Heat network configuration
Network configuration is determined by the placement of infrastructure, as well as the network size and heat source location. Fortunately, the Creative Energy Homes test site can accommodate a largely soft-dig trenching system with a simple branched pipe network (see Figure 1). Branched networks allow for consumers to be connected to the main loops individually by a smaller service branch. Benefits of branched networks include flexible design, easy installation, and additional branches can be added to the network loop at later stages.
As mentioned, project SCENIC is the first MES (Multi-vector Energy System) DHN with truly distributed energy generation. Consequently, a novel network configuration was required to facilitate prosumer and consumer participation at each property. A double loop system has been installed, where a network loop supplies heat to each property via a consumer HIU (heat interface unit) (see Figure 2), and a generation loop delivers heat generated at each property through a prosumer HIU to a CTS (central thermal store) (see Figure 2).
Network component sizing
Heat networks are designed on peak load in winter, yet year round efficiency needs to be considered. Despite peak load needing to be met, oversizing needs to be balanced against technically practical and economically feasible component selection. For most of the year the system will only operate at part load with peak output is only needed for a few hours.
Initially, network operating temperature needs to be selected. Following this, when sizing a heat network, three components are considered:
- Heat source
- Heat distribution/pipe system
- Heat exchanger/heat interface unit (HIU)
Within this section, we consider the sizing of the aforementioned heat network components using the modelled results. Once component sizes have been identified it is possible to present the overall heat network layout within Section 4. Unlike standard heat network component sizing and design, project SCENIC has to consider the integration of distributed generation on all 7 networked properties.
Operating temperatures
The transition to LTDH is widely understood to be the next step in heat network efficiency. Generally, LTDH has a supply temperatures below 55°C and return temperatures of around 30°C described in numerous papers (, , , , , , ). As a result, Project SCENIC aims to achieve a network supply temperature below 55°C for most of the year and a return temperature of 30°C.

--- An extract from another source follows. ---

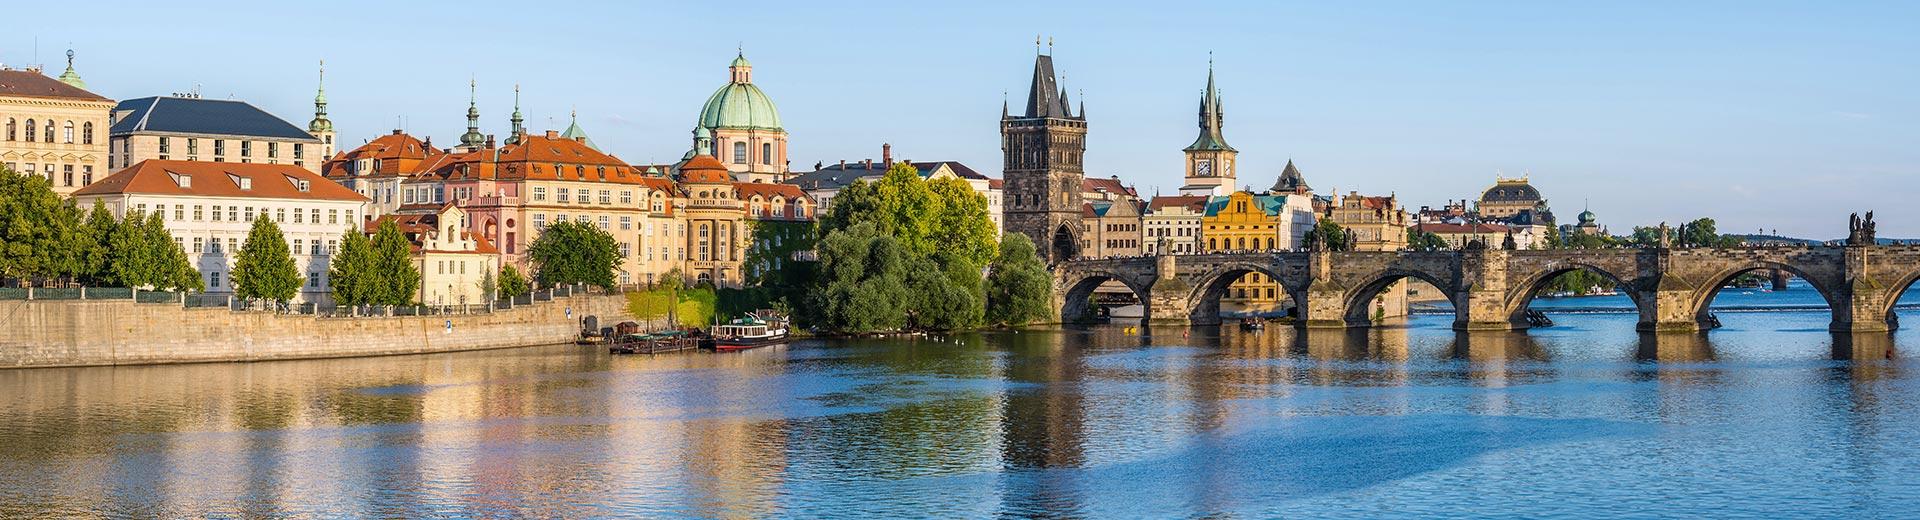 Gruppenreise Prag - Package Gruppen Budget Flug

Lund, Werner et al. (), the seminal work on the definition of LTDH (4th Generation) describes how future systems can achieve supply and return of 50°C/20°C for most of the year without compromising comfort levels and hygiene requirements. It is understood that operating temperatures should be kept as low as possible to avoid unnecessary heat losses. Additionally, operating temperatures will also effect:
- Capital and running costs
- Heat losses
- Pump and pipe sizing requirement
- Efficiency of heat pumps
- Volume of thermal store required
- Heat exchanger capacity
The relationship between the aforementioned parameters is discussed more comprehensively alongside relevant system component information in the following sections.
Heat source
The generation technologies have been installed before the installation of the heat network except for an evacuated tube solar thermal array on oldest property (David Wilson House). Table 5 specifies the capacity and location of each distributed generation technology. Energy flows are presented later in the paper.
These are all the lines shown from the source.